En début de soirée, un post «Je suis Oran», en lettres rouges sur fond noir, était également très relayé sur Internet. Une journée vécue comme un traumatisme, notamment pour les militants oranais du Hirak, nom du mouvement populaire, particulièrement ciblés par les arrestations : «Au café les gens se regardent avec méfiance. Il y a beaucoup de nouvelles têtes, des non-habitués. Maintenant la méfiance s’installe. Et la peur…» ajoute Samira, qui a elle aussi failli être arrêtée dans un café avec une amie.

La plupart des personnes interpellées ont été relâchées dans la soirée de vendredi. La majorité des réactions, dans la presse indépendante et sur les réseaux sociaux, portent sur l’incompréhension d’une telle répression, dans une cité d’ordinaire habituée au calme.

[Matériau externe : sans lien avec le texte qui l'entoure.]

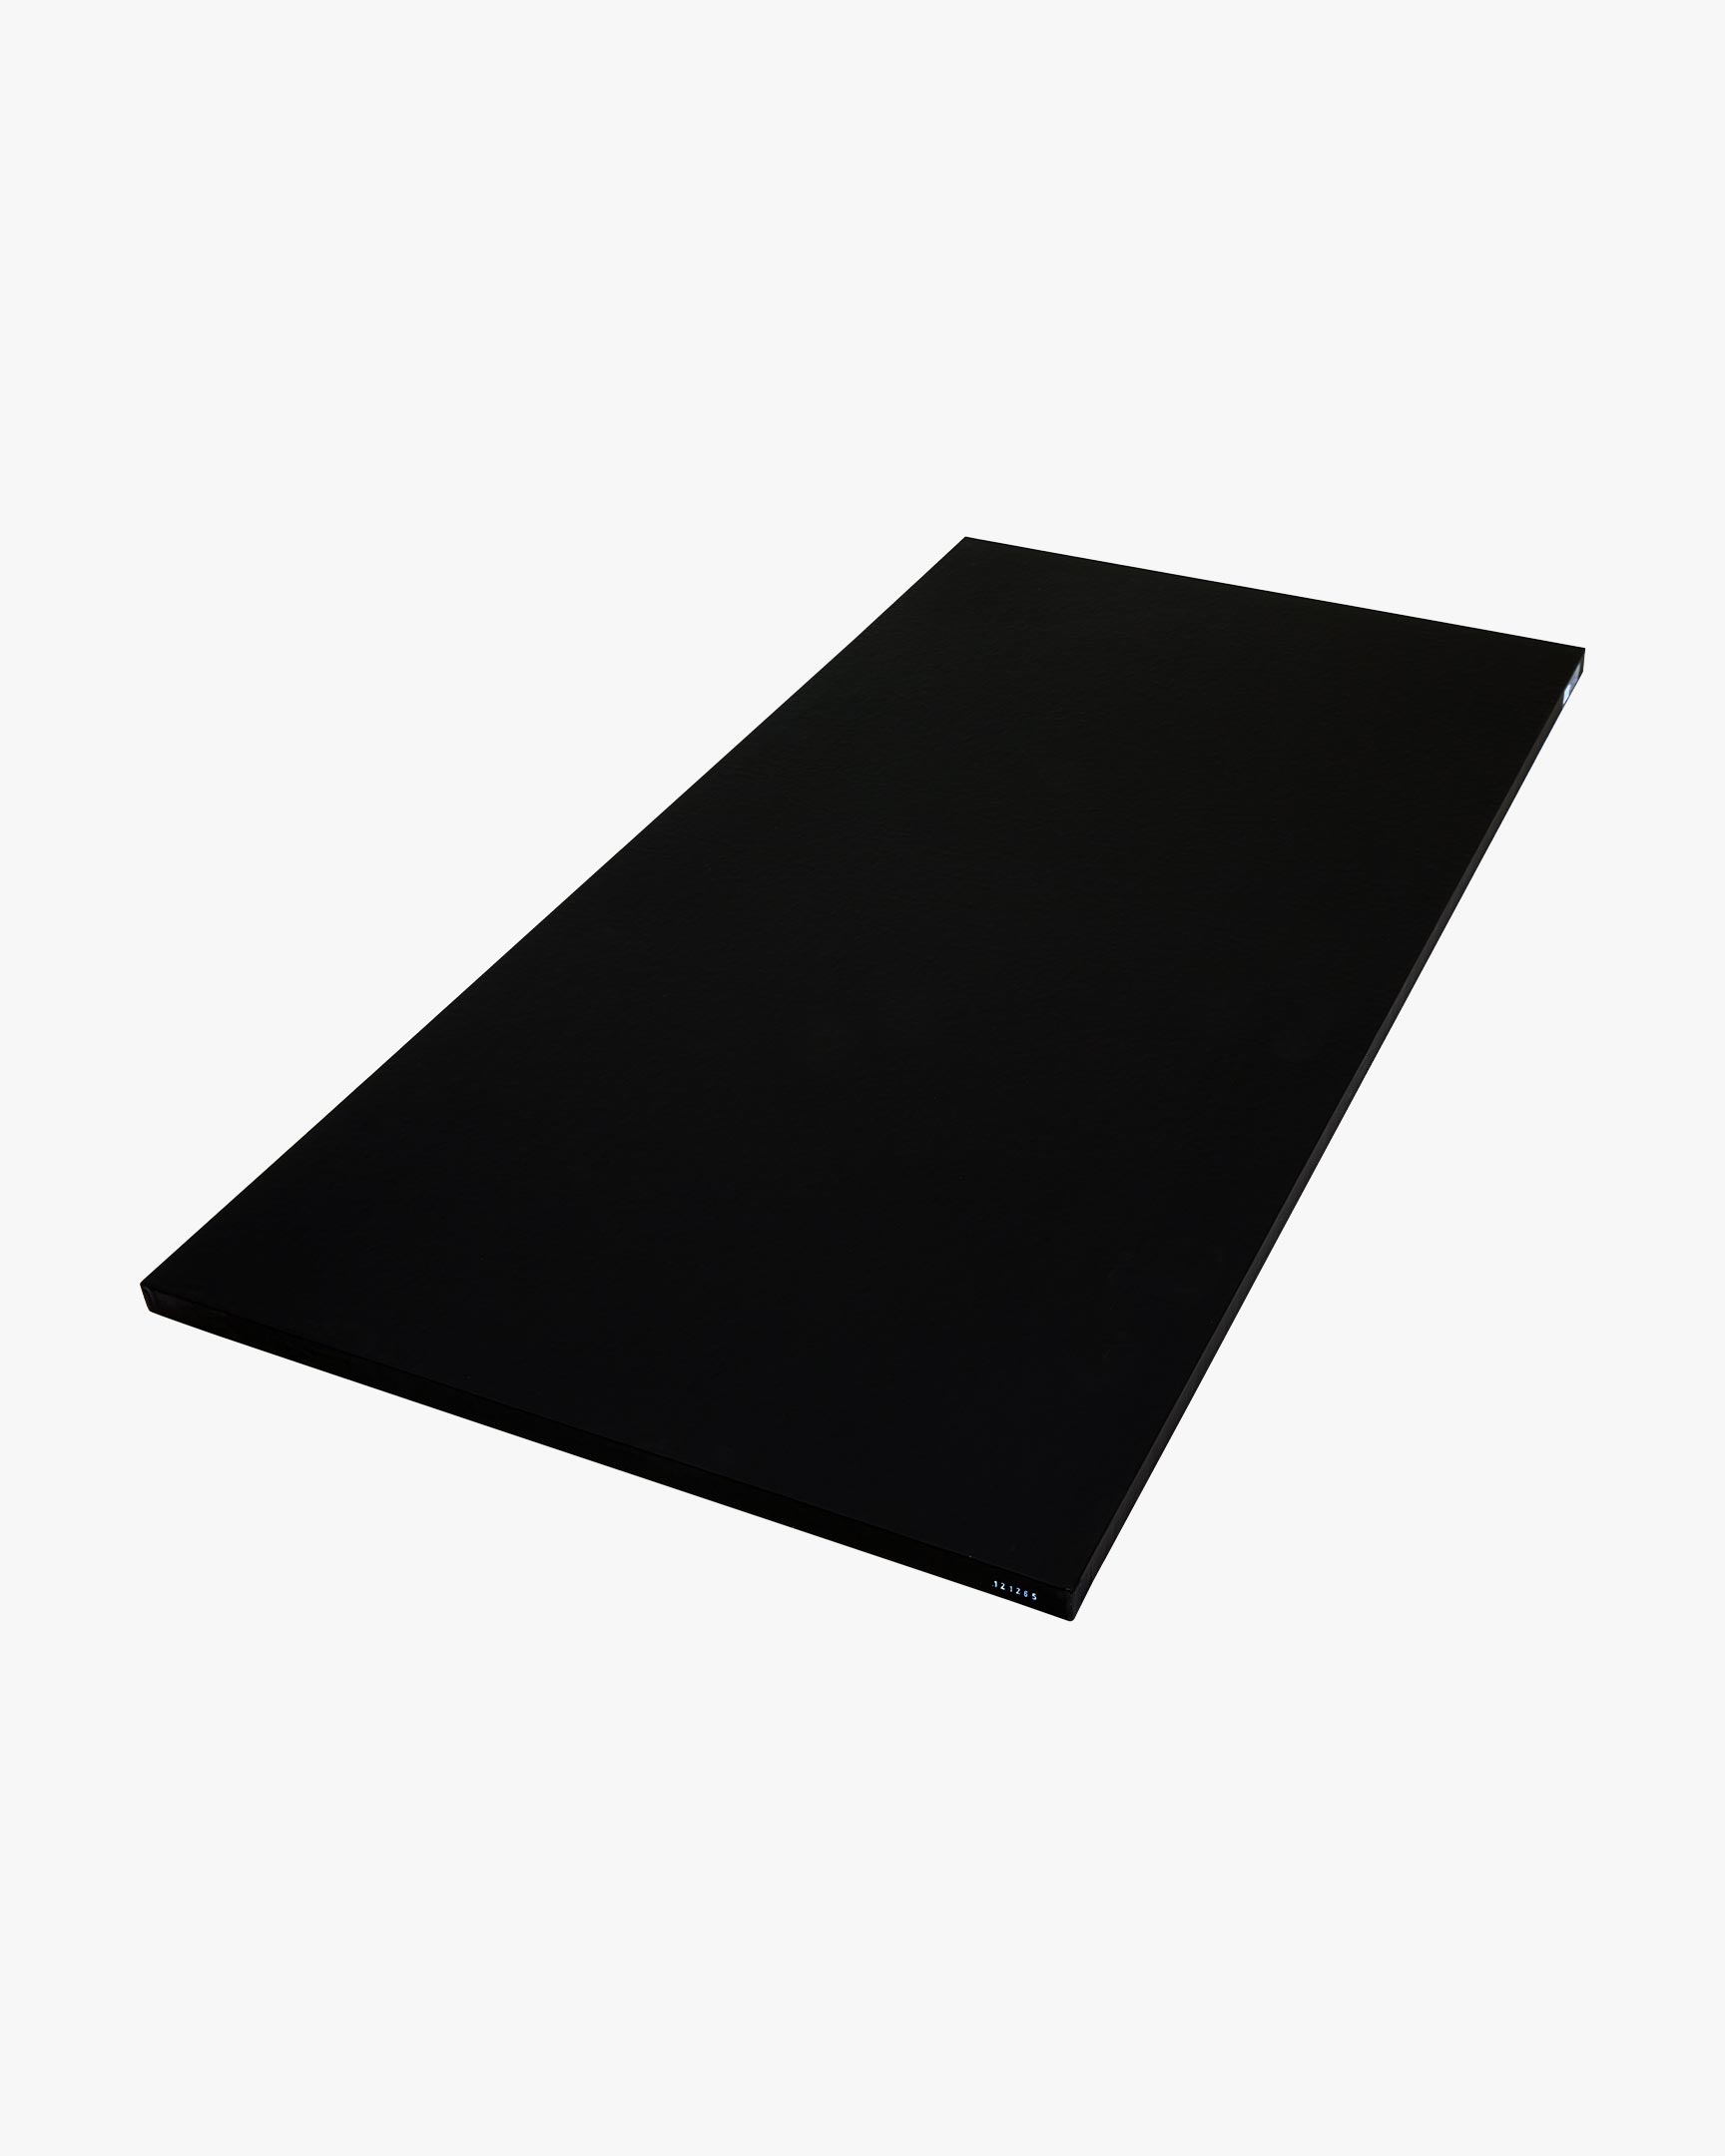 Smooth Tile Mat - 1m x 2m 1.5" Black
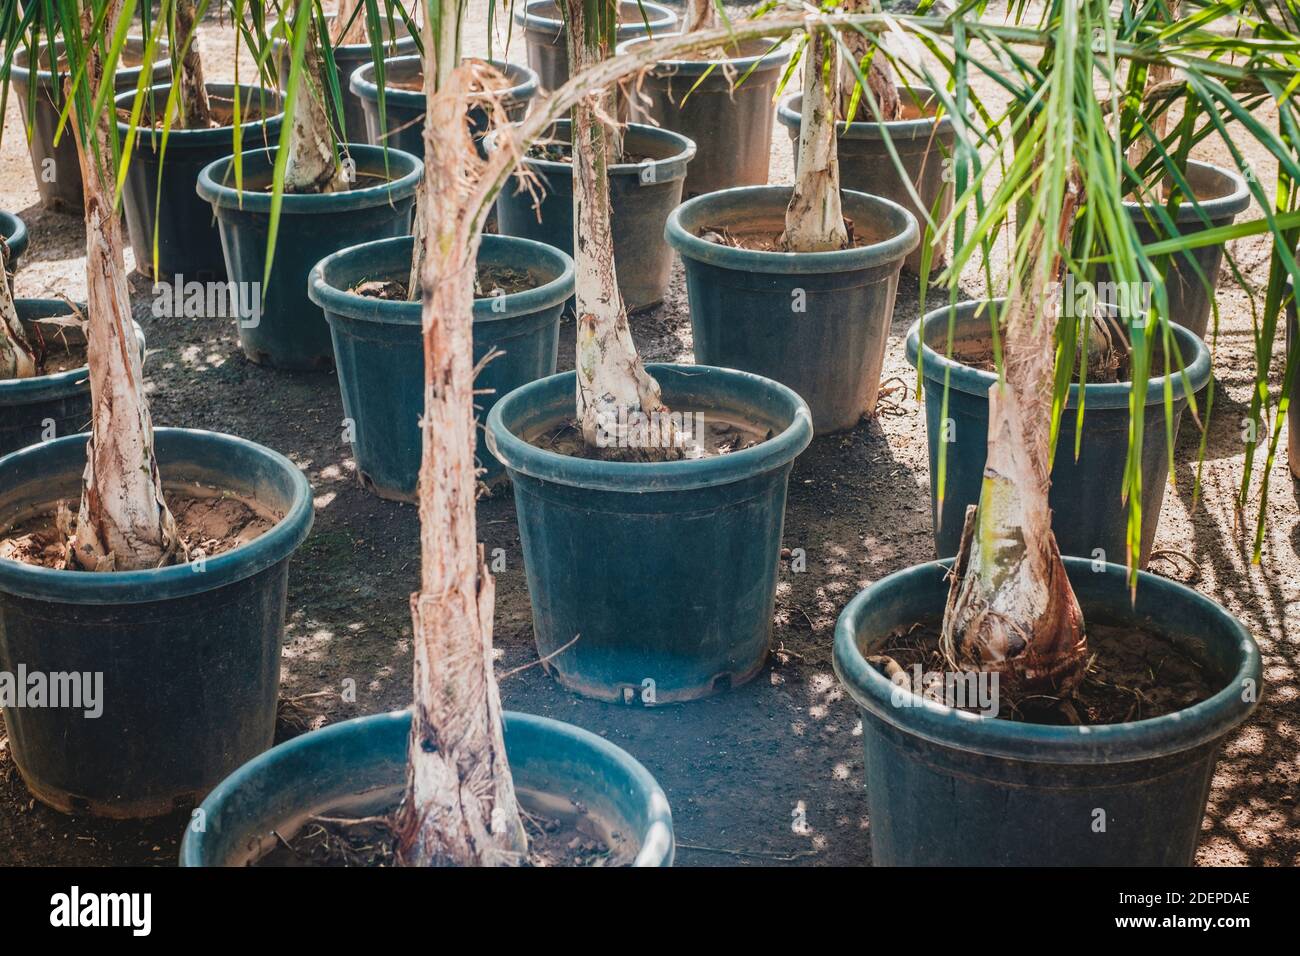 Palmen in Töpfen in Baumschule oder Gartenladen - Stockfoto

«Pourquoi Oran ?» questionne Fayçal Sahbi, sémiologue et maître de conférences à l’Université d’Oran, sur son mur Facebook. L’universitaire avance une explication, qui serait propre à la sociologie du mouvement de contestation dans la capitale de l’Ouest : «Beaucoup évoquent le projet de réduire le champ du Hirak à la Kabylie ou à Alger comme explication à ce qui s’est passé aujourd’hui à Oran. […] Je ne connais pas très bien les autres villes, mais à Oran, le Hirak est plus homogène, plus compact, peut-être même plus structuré et où l’on peut dégager, plus ou moins facilement, des représentants.»

L’importante répression à Oran, au lendemain même de l’élection contestée d’un nouveau président dans le pays, n’augure rien de rassurant pour les militants du mouvement populaire. Déterminés à conserver le caractère pacifique, ils évoquent désormais une «saison 2» de ce que seront désormais leurs actions de protestations.